= Pulse duplicator =

Medical testing tool

A simplified diagram of one common pulse duplicator design. A piston is used to create and release pressure, simulating blood flow. Note that both valves would not be fully open at the same time in actual operation.

A pulse duplicator is a device used to duplicate the pulsing flow of the human heart and the associated hemodynamics. It is used to research the conditions of heart disease. Pulse duplicators can be used to conduct in vitro or ex vivo testing. Common uses include testing new artificial heart valves and simulating procedures like transcatheter aortic valve replacement.

== Design ==
A pulse duplicator replicates parts of the circulatory system. Many pulse duplicators model only half the heart, commonly the left atrium and ventricle, in order to test the mitral and aortic valves.

A common design to model the heart uses a piston to simulate the contraction and expansion of the heart. An alternate design uses a flexible plastic heart model, or an ex vivo heart, and applies hydraulic pressure to induce contraction and expansion.

The circulatory system blood vessels are typically modeled using tubing. Compliance chambers and narrow tubing can be used to model the Windkessel effect.

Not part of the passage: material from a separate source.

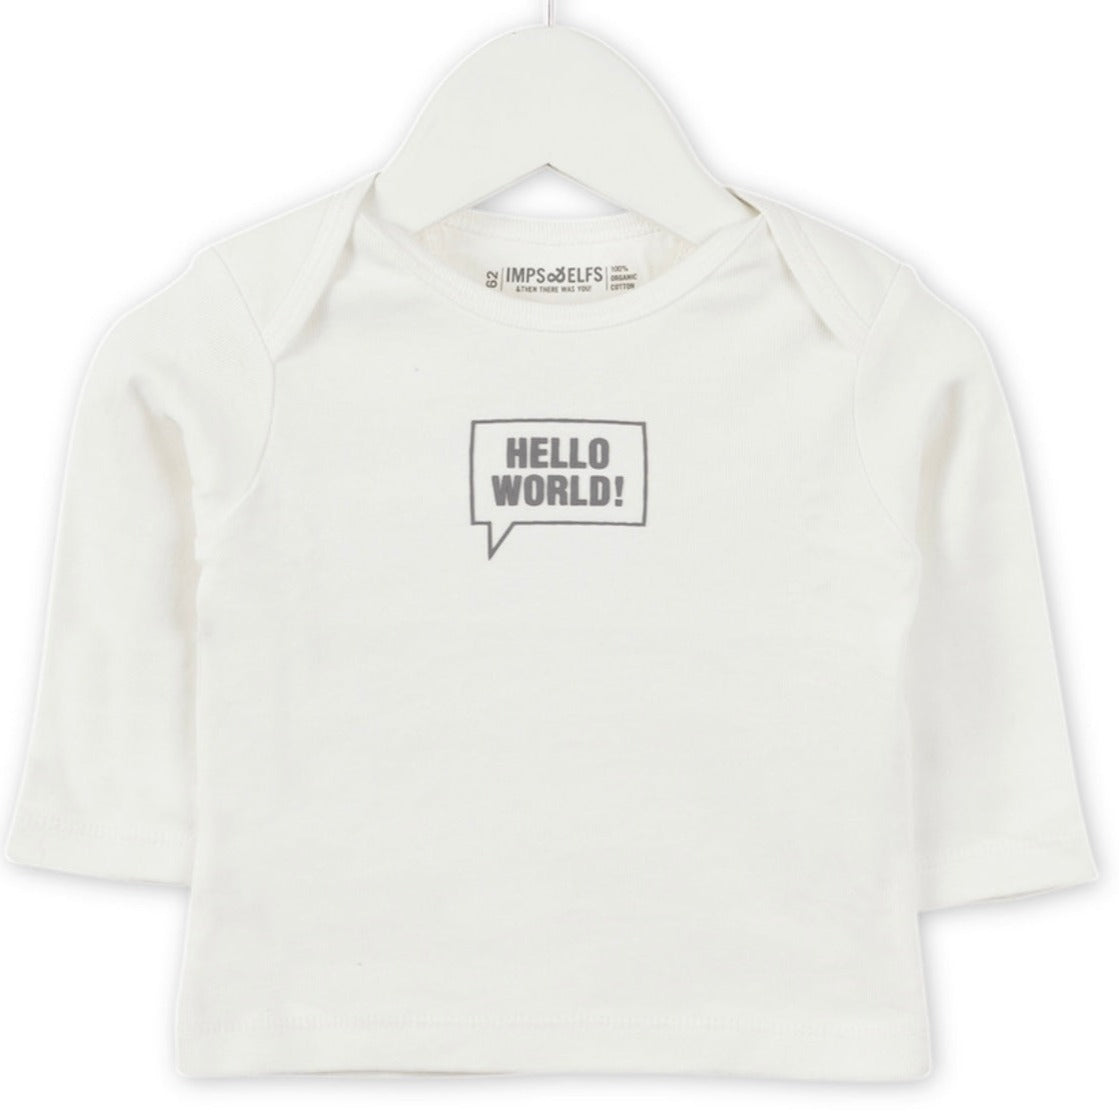 Imps & Elfs Long Sleeve Certified Organic Cotton T-Shirt Sweatshirt With Cute Logos for Mini Girls and Boys 0-9M - CapuletKids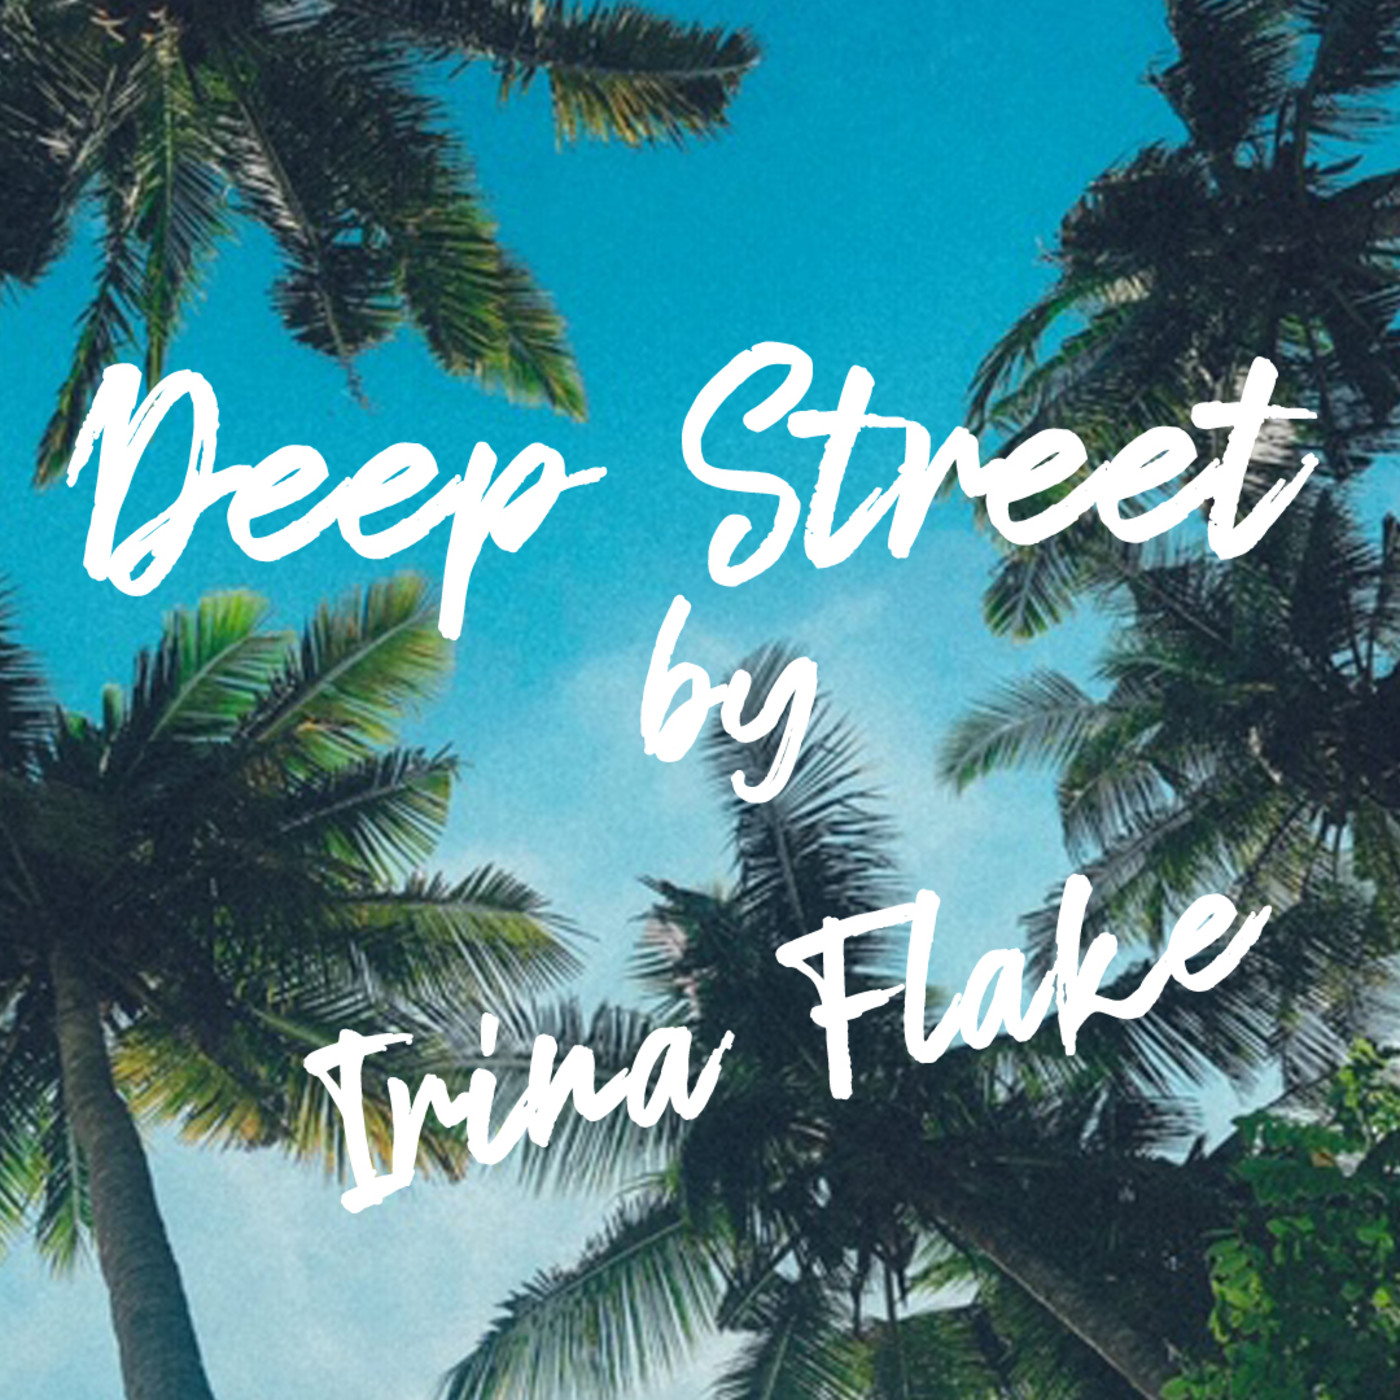 Deep Street by Irina Flake 16 I 02.06.2020

A pulse duplicator is categorized as a lump parameter model, also known as a Windkessel model, if it uses a limited set of compliance chambers and resistance tubing to model the sum of circulatory compliance and resistance. A pulse duplicator is a wave propagation model if it physically replicates the circulatory system in a more anatomically correct manner.

A pulse duplicator is filled with a fluid with a similar viscosity and specific gravity compared to blood. One such blood analog is a mixture of water, glycerol, and a small amount of sodium chloride.